PHOTOVOLTAIK SEIT 1986

Schiestlhaus am Hochschwab

Im Jahr 2001 begannen wir gemeinsam mit einer Planungsgruppe mit der Entwicklung des Energieversorgungssystems für das neue Schiestlhaus am Hochschwab. Durch die Ausführung als Passivhaus wird der Wärmebedarf fast zur Gänze aus inneren Wärmequellen sowie durch Sonneneinstrahlung bereitgestellt.

Die im Passivhausbau üblichen Lüftungsanlagen erhöhen jedoch den Bedarf an elektrischer Energie. Daher war es notwendig ein effizientes und leistungsstarkes Energieversorgungssystem einzusetzen, welches auch unter den schwierigen hochalpinen Bedingungen beste Ergebnisse erzielt.

Modulares System und Photovoltaik

Herzstück des modularen Systems sind 3 bidirektionale Batteriewechselrichter, welche zu einem 3-phasigen System (3x400V) verschalten sind. Diese Geräte übernehmen das gesamte Energie- und Lastmanagement des Inselsystems.
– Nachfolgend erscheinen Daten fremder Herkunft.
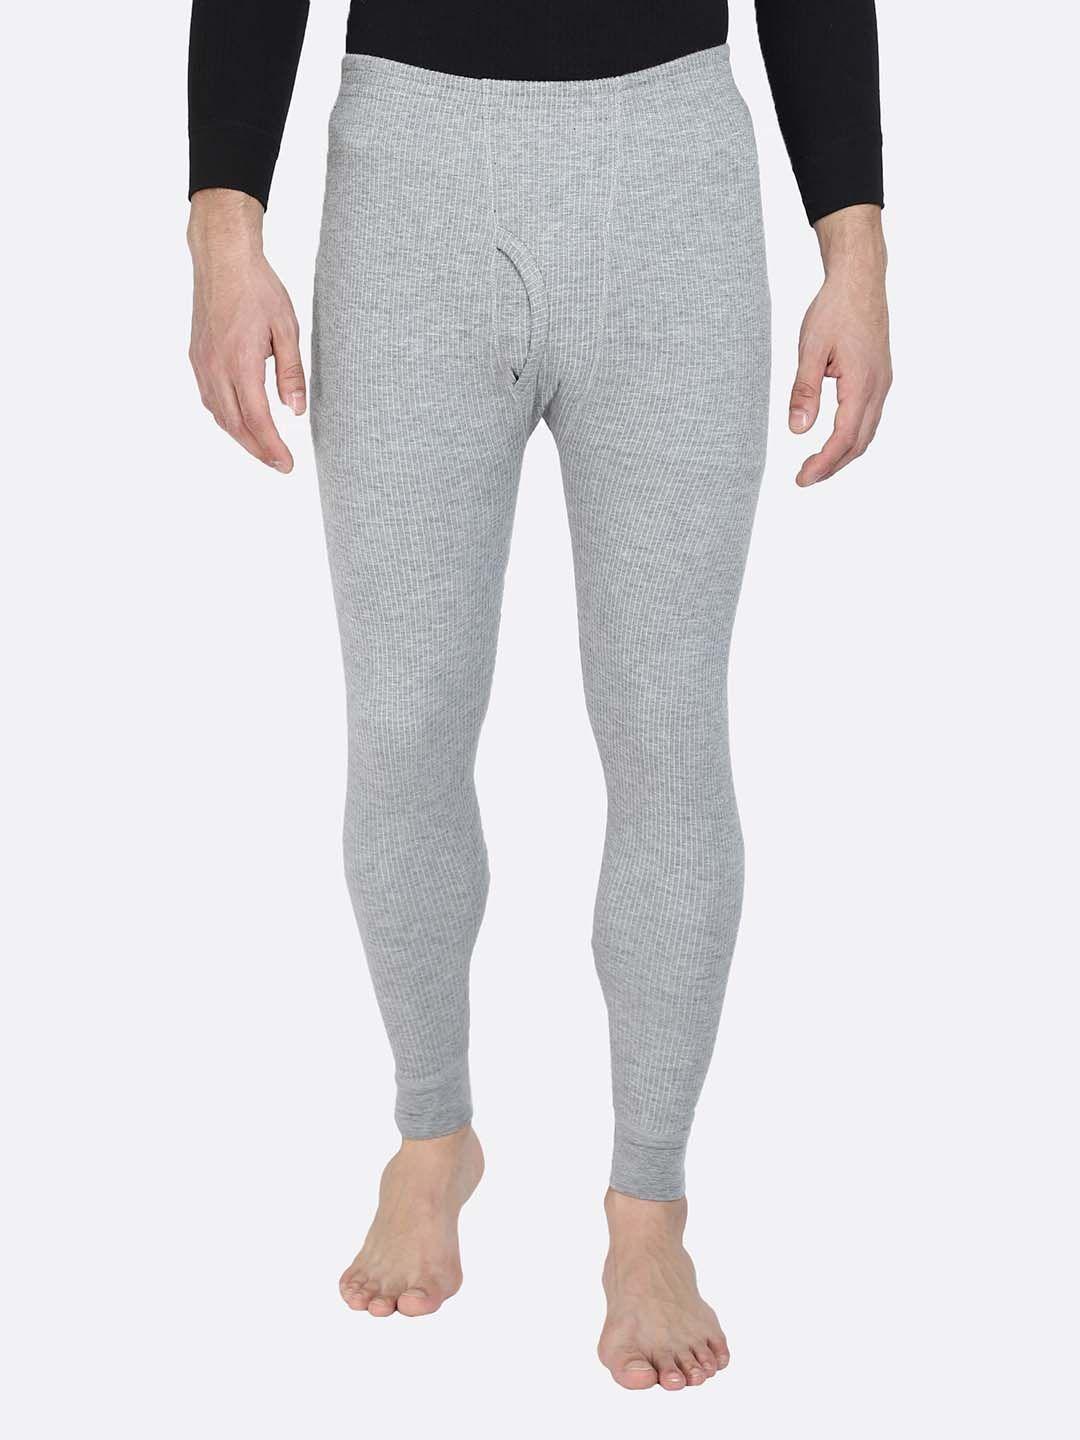 bodycare insider men grey solid cotton thermal bottoms
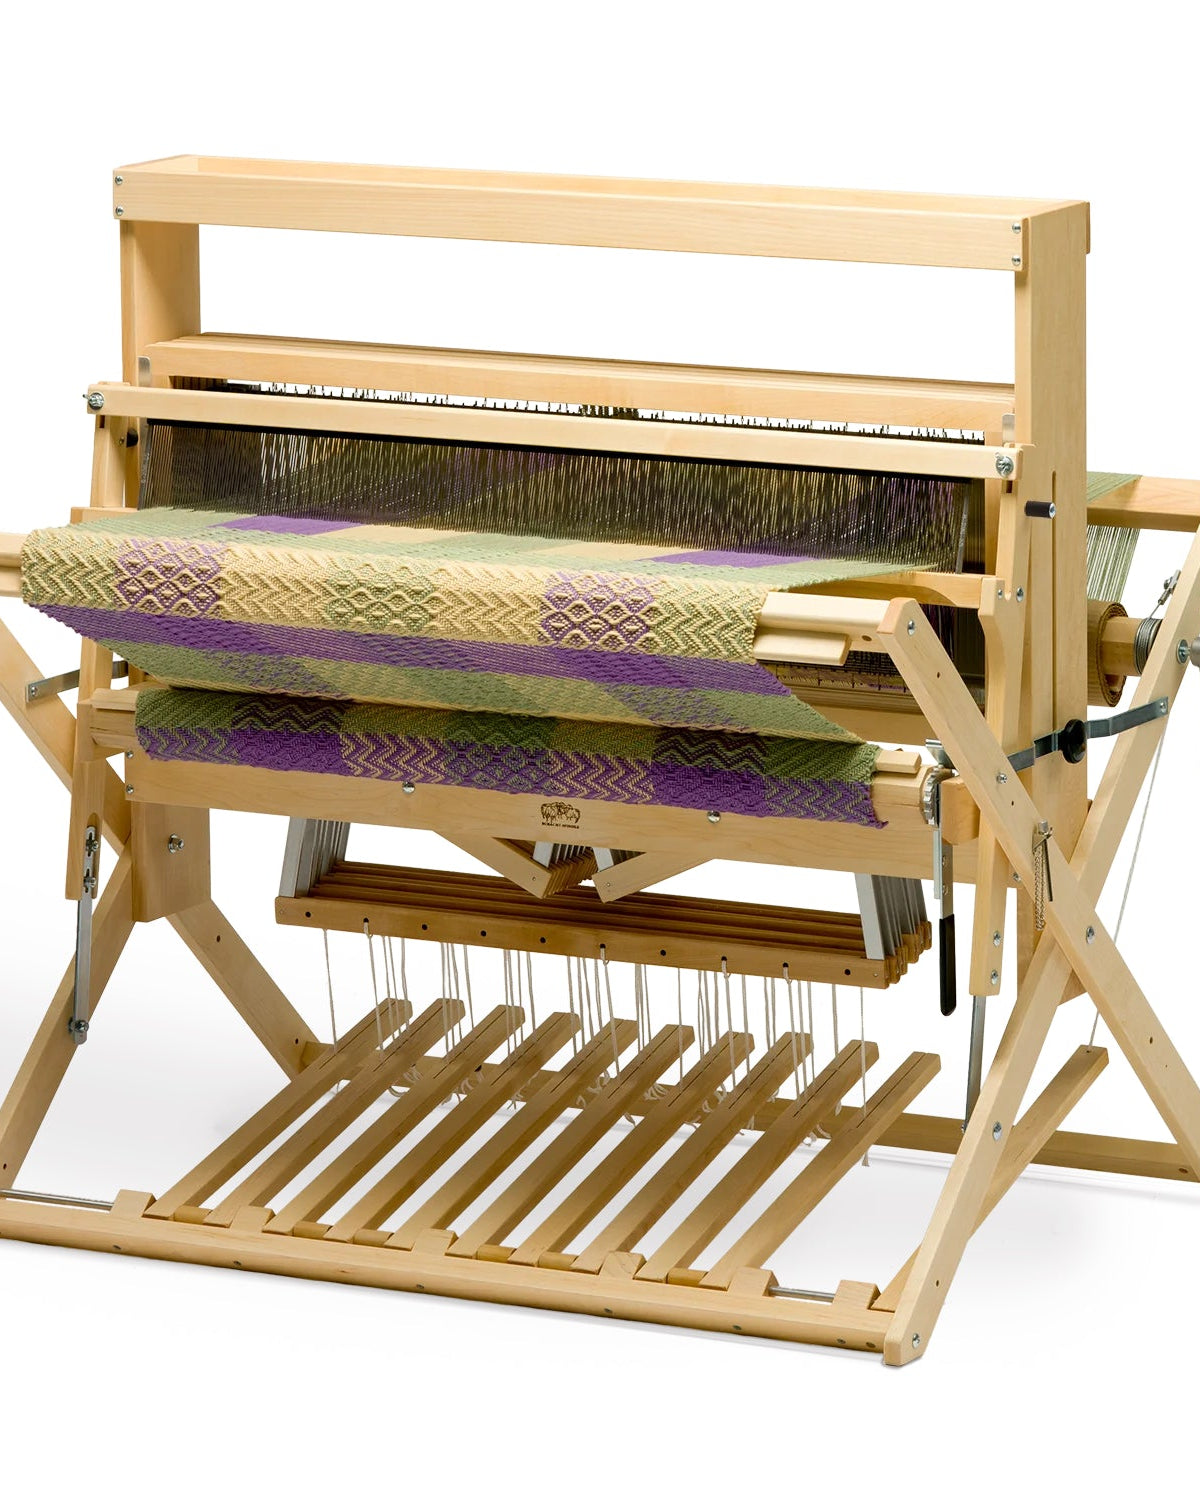 Schacht Spindle Company Weaving Schacht Mighty Wolf Loom - 8 shaft, 36"

Die Wechselrichter bilden je nach Bedarf das "Mutternetz" oder synchronisieren sich auf das BHKW. Die von den Modulen umgewandelte Sonnenenergie wird mit Hilfe von 4 Netzwechselrichtern in das Inselnetz eingespeist. Eine Besonderheit stellen die semitransparenten Module dar, welche im Bereich der Fassade eingesetzt wurden.

Pflanzenöl – BHKW

Als Unterstützung für das Photovoltaiksystem dient ein BHKW, welches mit reinem Pflanzenöl betrieben wird. Da alle Transporte zur Schutzhütte nur mit dem Hubschrauber durchgeführt werden können und das Schiestlhaus mitten im Quellschutzgebiet der Wiener Hochquellleitung liegt, kann dadurch das Risiko von Umweltschäden ausgeschlossen werden.